An equation can contain more than one root.
Formula used:
The quadratic formula is as follows.
$x = \dfrac{{ - b \pm \sqrt {{b^2} - 4ac} }}{{2a}}$
Where,$a,b,c$ are constants and$a \ne 0$
$x$ is an unknown quantity.

Complete step-by-step solution:
 We need to solve the given equation $\left( {x + 1} \right)\left( {x + 3} \right)\left( {x + 2} \right)\left( {x + 4} \right) = 120$.
 Let us rearrange the given equation as $\left( {x + 1} \right)\left( {x + 4} \right)\left( {x + 2} \right)\left( {x + 3} \right) = 120$ for our convenience.
 We shall combine the first two equations and last two equations.
 We get, \[({x^2} + 5x + 4)({x^2} + 5x + 6) = 120\]
Let us assume ${x^2} + 5x = y$ so that we can solve the given equation easily.
So we get, \[(y + 4)(y + 6) = 120\]
Combining the left hand side, we get,
 \[{y^2} + 10y + 24 = 120\]
\[\Rightarrow {y^2} + 10y + 24 - 120 = 0\]
$ \Rightarrow {y^2} + 10y - 96 = 0$
\[ \Rightarrow {y^2} + 16y - 6y - 96 = 0\] (Expressing $10y$ as $16y - 6y$)
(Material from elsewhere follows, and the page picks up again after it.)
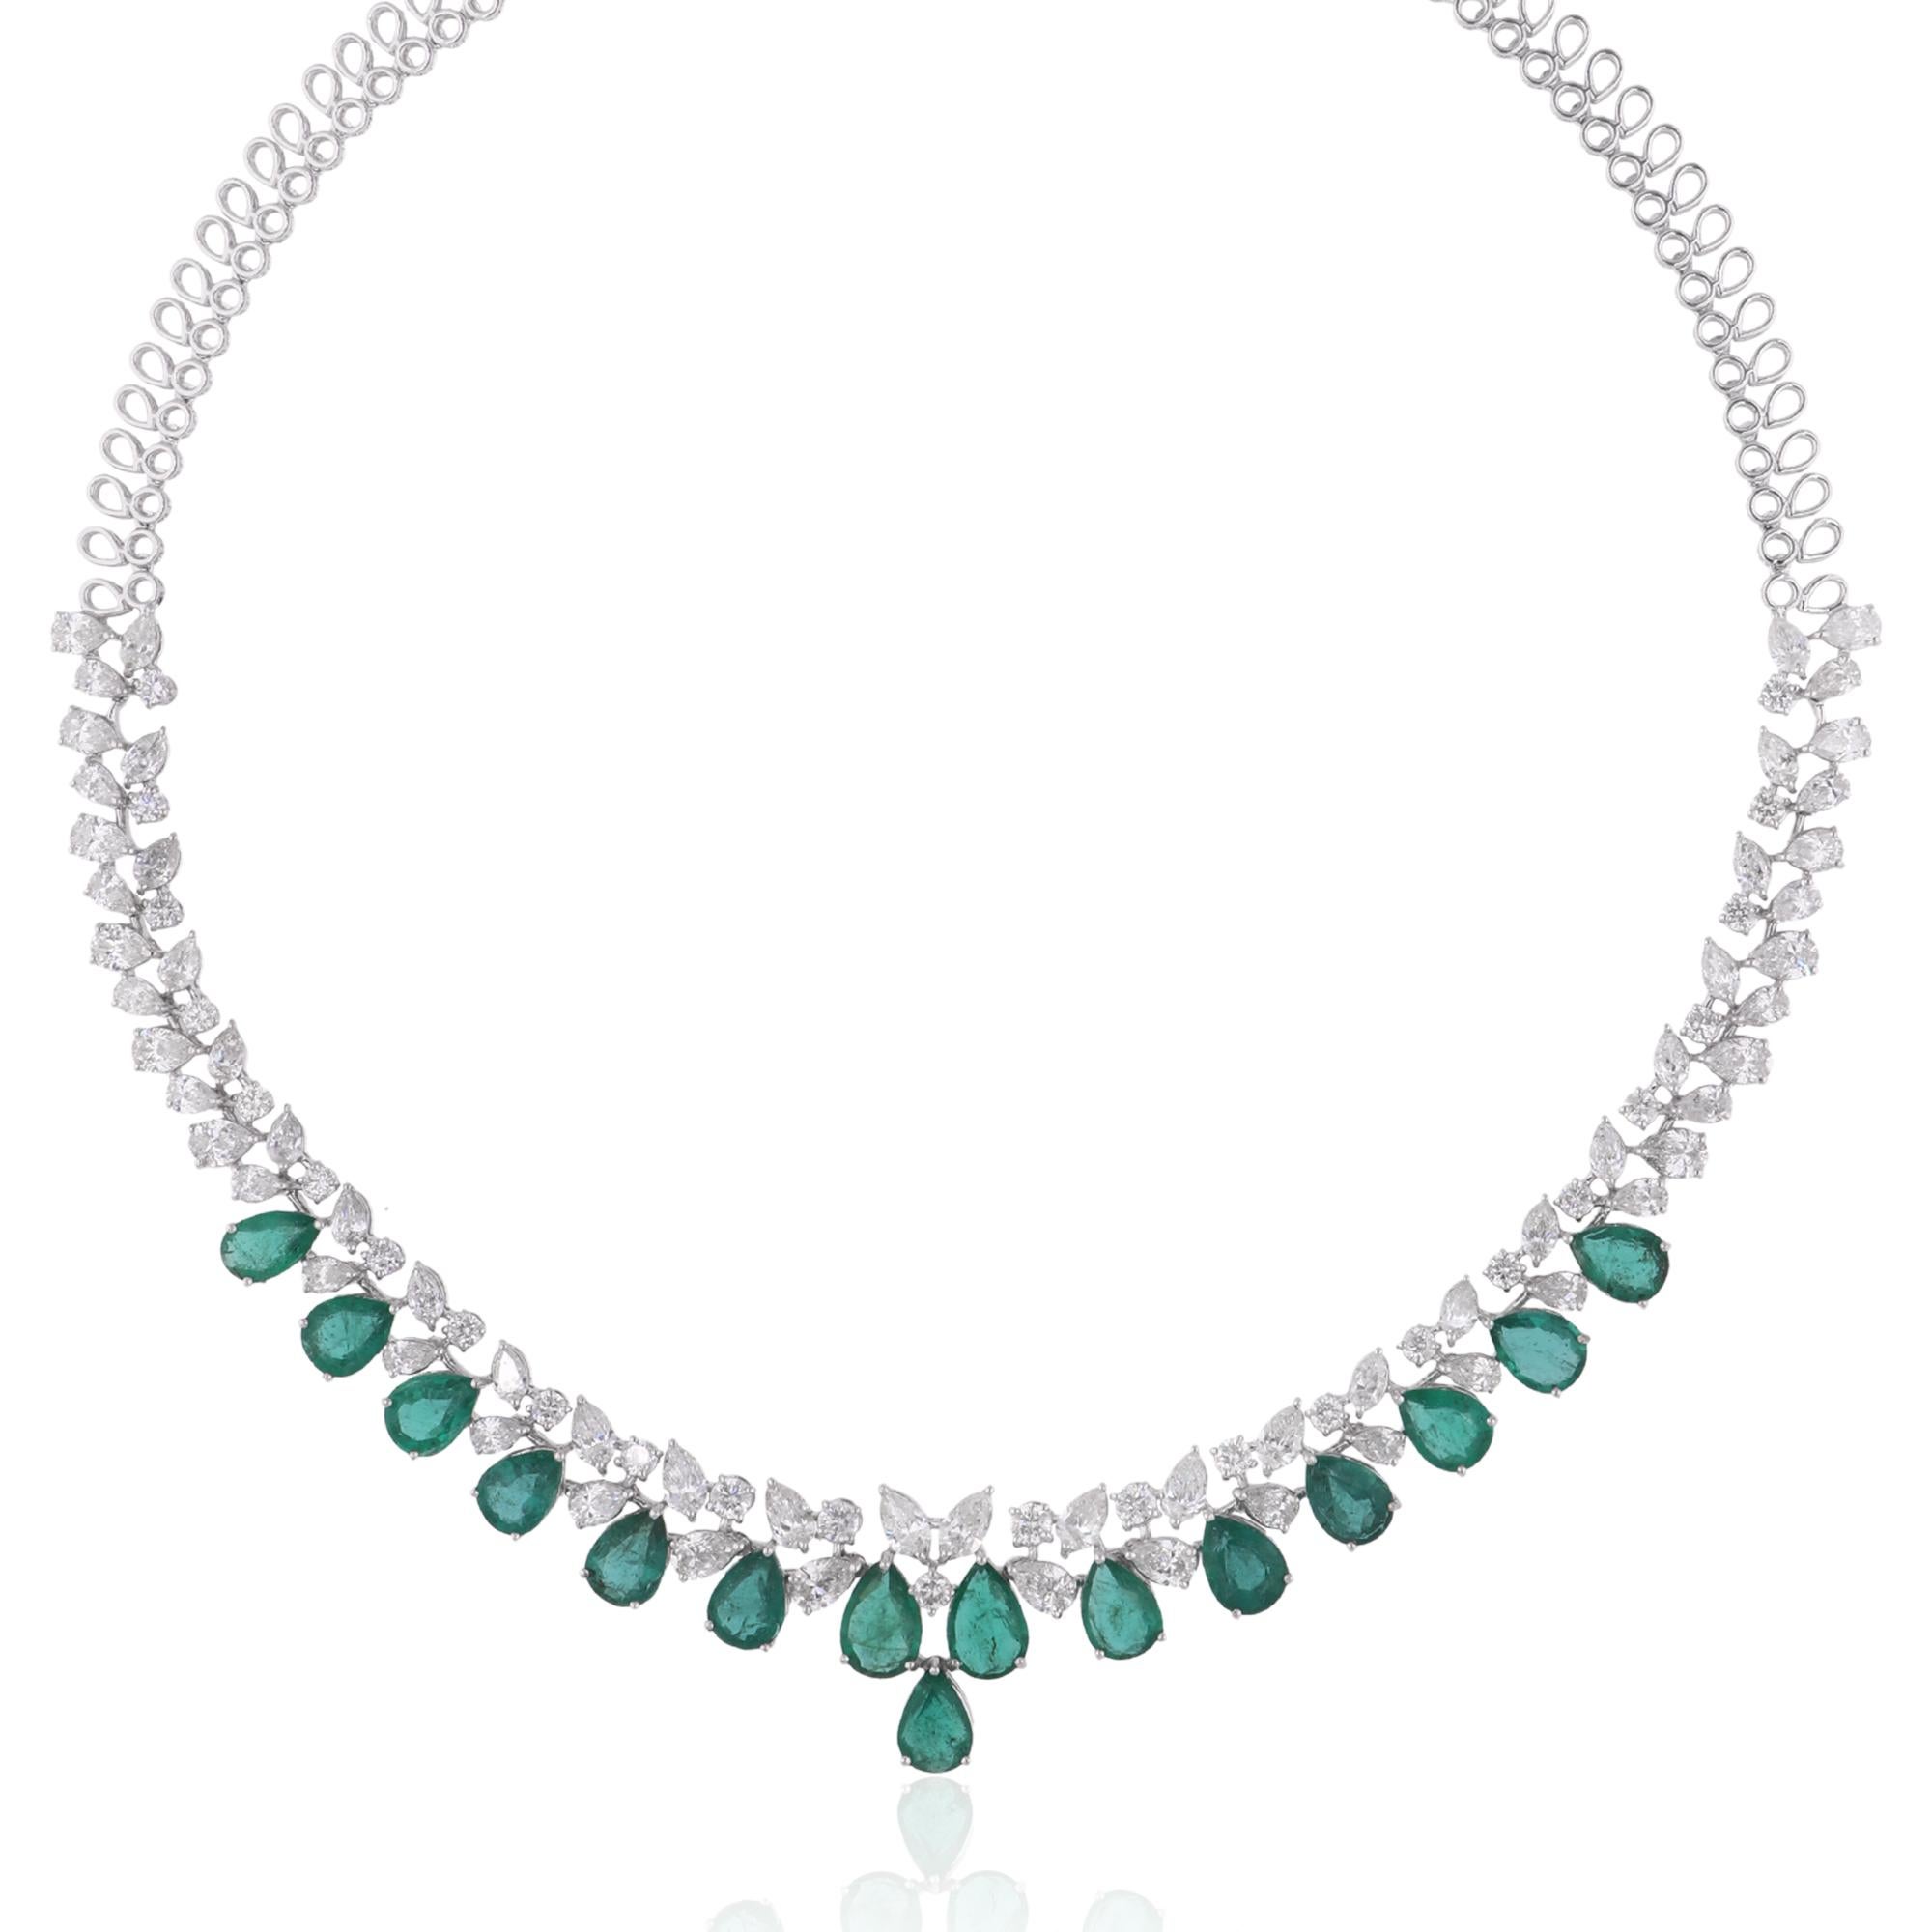 Elevate your style with the luxurious charm of this Pear Zambian Emerald Gemstone Choker Necklace, accented by shimmering Diamonds and meticulously crafted in 14k White Gold. This exquisite piece of jewelry is a celebration of sophistication and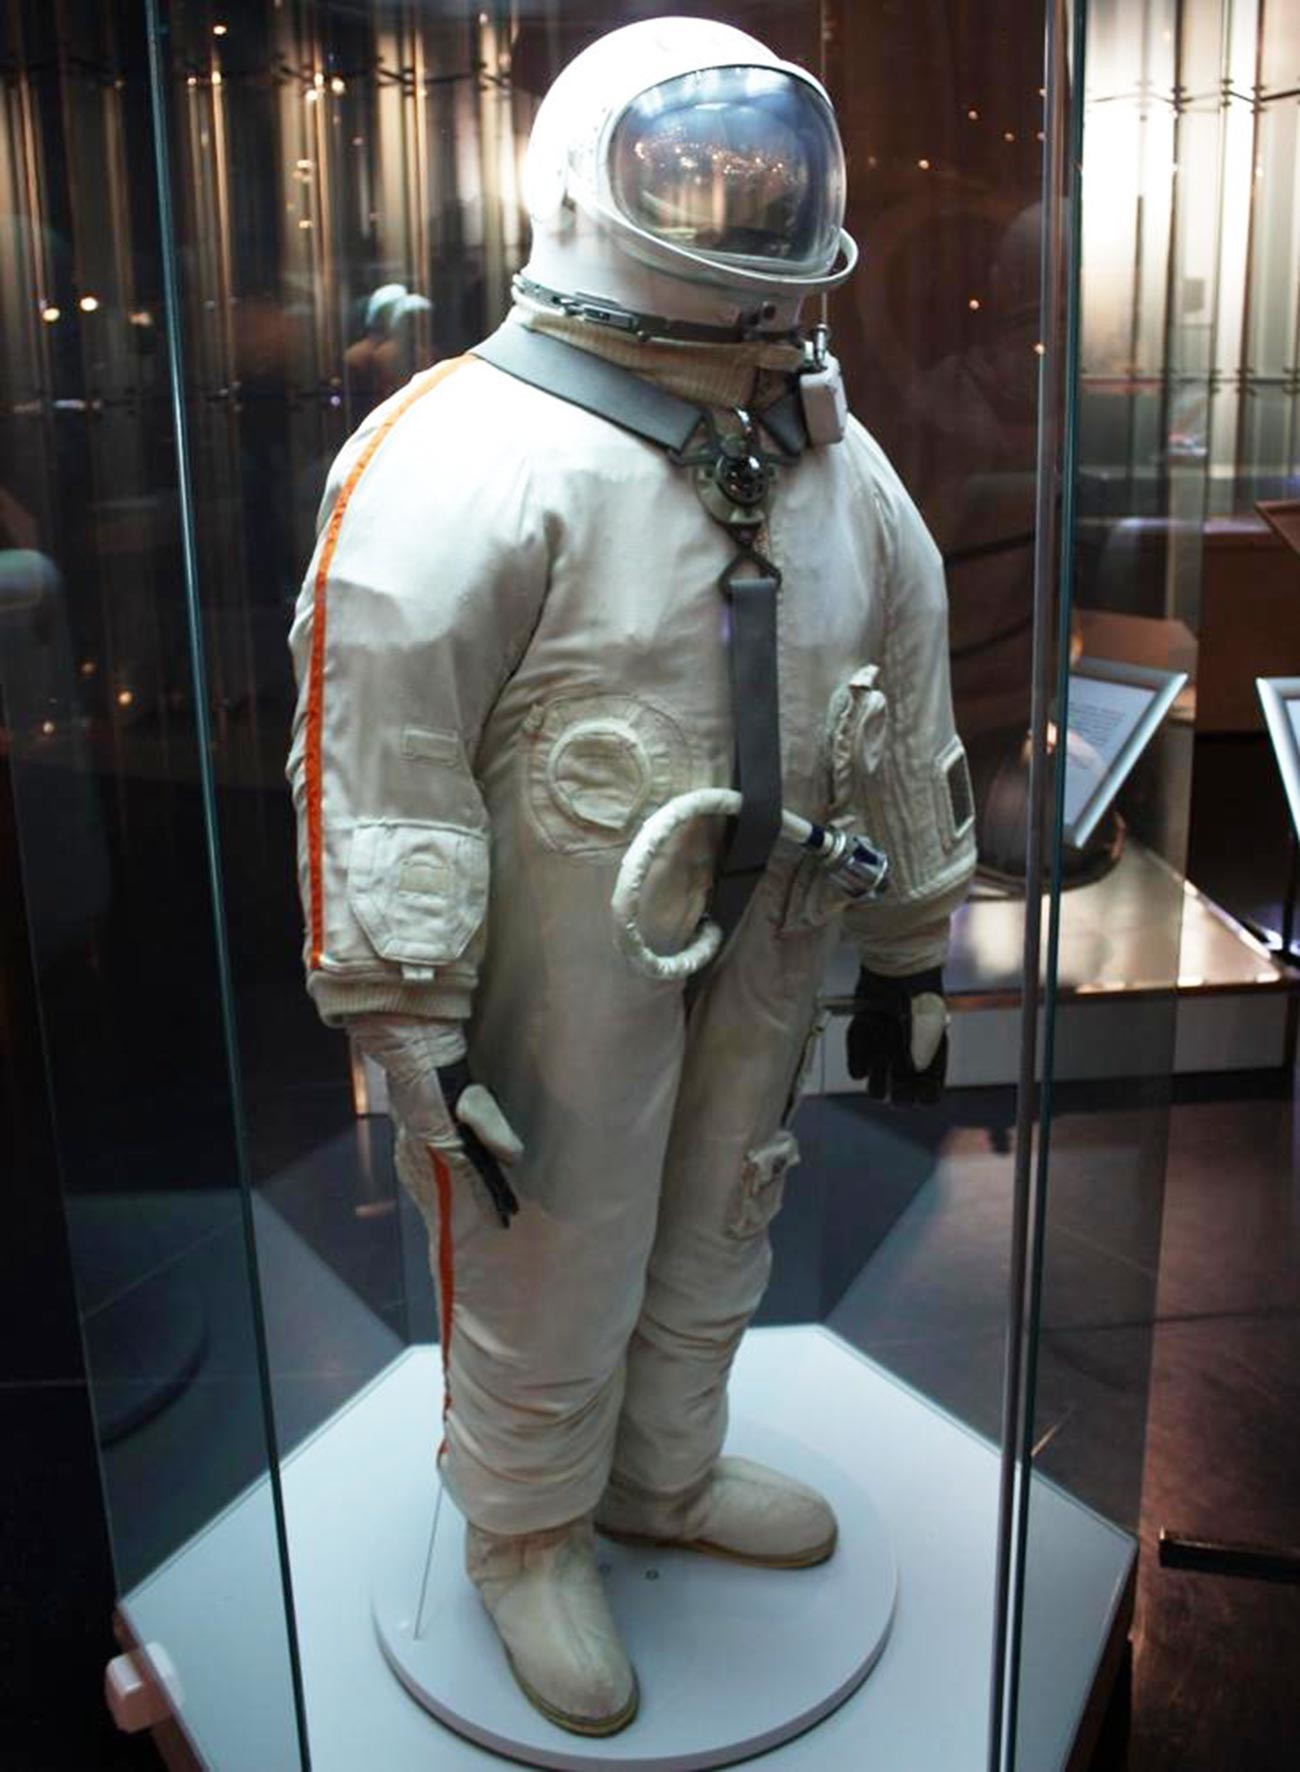 The Evolution of the Spacesuit in Pictures

\[ \Rightarrow y(y + 16) - 6(y + 16) = 0\] (We have taken common $y$ terms)
Further solving, we have
$ \Rightarrow (y + 16)(y - 6) = 0$
Therefore, the roots of y are calculated as:
$\begin{gathered}
  y + 16 = 0 \\
   \Rightarrow y = - 16 \\
\end{gathered} $
$\begin{gathered}
  y - 6 = 0 \\
   \Rightarrow y = 6 \\
\end{gathered} $
Since we have assumed ${x^2} + 5x = y$, we need to substitute the values of $y$ here.
Hence, ${x^2} + 5x = - 16$
\[ \Rightarrow {x^2} + 5x + 16 = 0\]
Use a quadratic formula to solve the above equation.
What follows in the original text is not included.